First we can assume that the biomass and substrate are being consumed at the same rate, so r_X * S * X = r_X * X * S = r_X * X_in * S_in

Then we can substitute this into the second equation:

dS/dt = (-r_X * X_in * S_in) + (F_in * S_in - F_out * S_out)

We can also substitute the biomass equation into the substrate equation:

dS/dt = (-r_X * X_in * S_in) + (F_in * S_in - F_out * S_out)

dS/dt = (-r_X * X_in * S_in) + (F_in * S_in - F_out * S_out) + (r_X * V)

By solving this equation for V we get:

V = (dS/dt + (F_in * S_in - F_out * S_out)) / r_X

This equation can be used to find the volume of the reactor when given the appropriate input data. It is important to note that this is a simplified model and it can be affected by other factors such as, microorganisms death and inactivation, pH, temperature and other environmental conditions. 


Q.3 

(a) Draw a neat sketch of Overland flow system and explain wastewater distribution method in same. 

Draw a neat sketch of Overland flow system

An overland flow system is a type of constructed wetland that is used to treat wastewater. The system consists of a graded surface, usually a grassy or vegetated area, through which the wastewater flows. The wastewater is distributed over the surface of the area through a series of channels, ditches, or pipes. 

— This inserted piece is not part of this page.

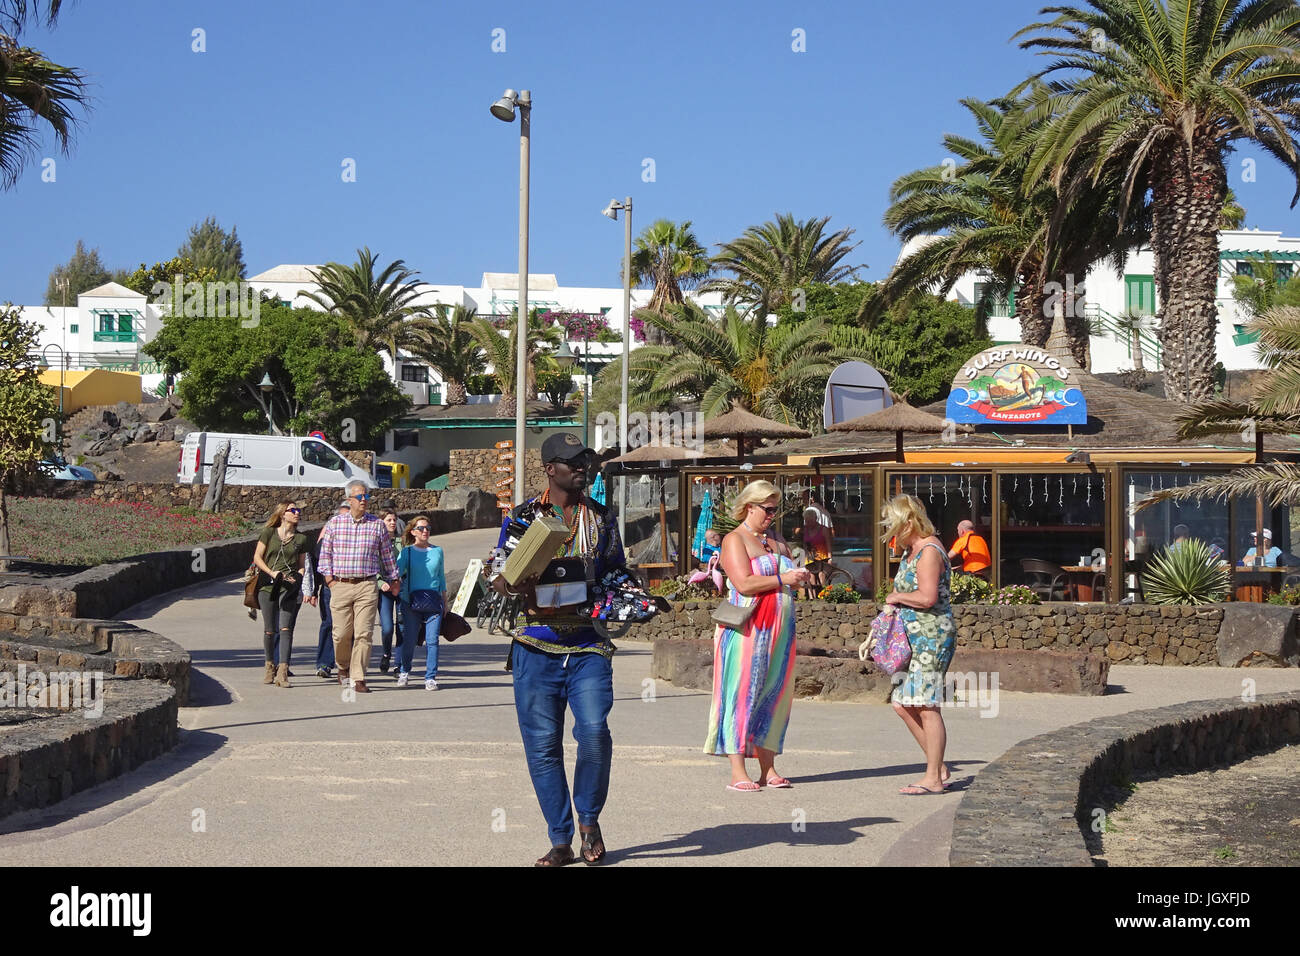 Afrikanischer strassenhaendler verkauft armbanduhren an der promenade beim badestrand playa de Las Cucharas, costa teguise, Lanzarote, kanarische inse Foto Stock

The wastewater distribution method used in an overland flow system can vary depending on the specific design of the system. Some common methods include:

Surface flow: The wastewater is distributed over the surface of the area through a series of channels, ditches, or pipes. The water flows over the surface of the vegetation, where it is treated by physical, chemical, and biological processes. 

Subsurface flow: The wastewater is distributed under the surface of the area through a series of pipes or trenches. The water flows through the soil and is treated by physical, chemical, and biological processes.

Hybrid flow: A combination of surface flow and subsurface flow. The wastewater is distributed over the surface of the area and through a series of pipes or trenches. 

Infiltration flow : The wastewater is distributed over the surface and then it is allowed to seep into the soil, where it is treated by physical, chemical, and biological processes.

Overland flow systems are effective in removing pollutants such as nutrients, suspended solids, and bacteria from wastewater. They are also relatively low-cost and easy to maintain, making them an attractive option for small communities and rural areas that may not have access to more expensive wastewater treatment technologies. 

It is important to note that the design of the system and the wastewater distribution method used will depend on the specific needs of the site and the characteristics of the wastewater being treated. 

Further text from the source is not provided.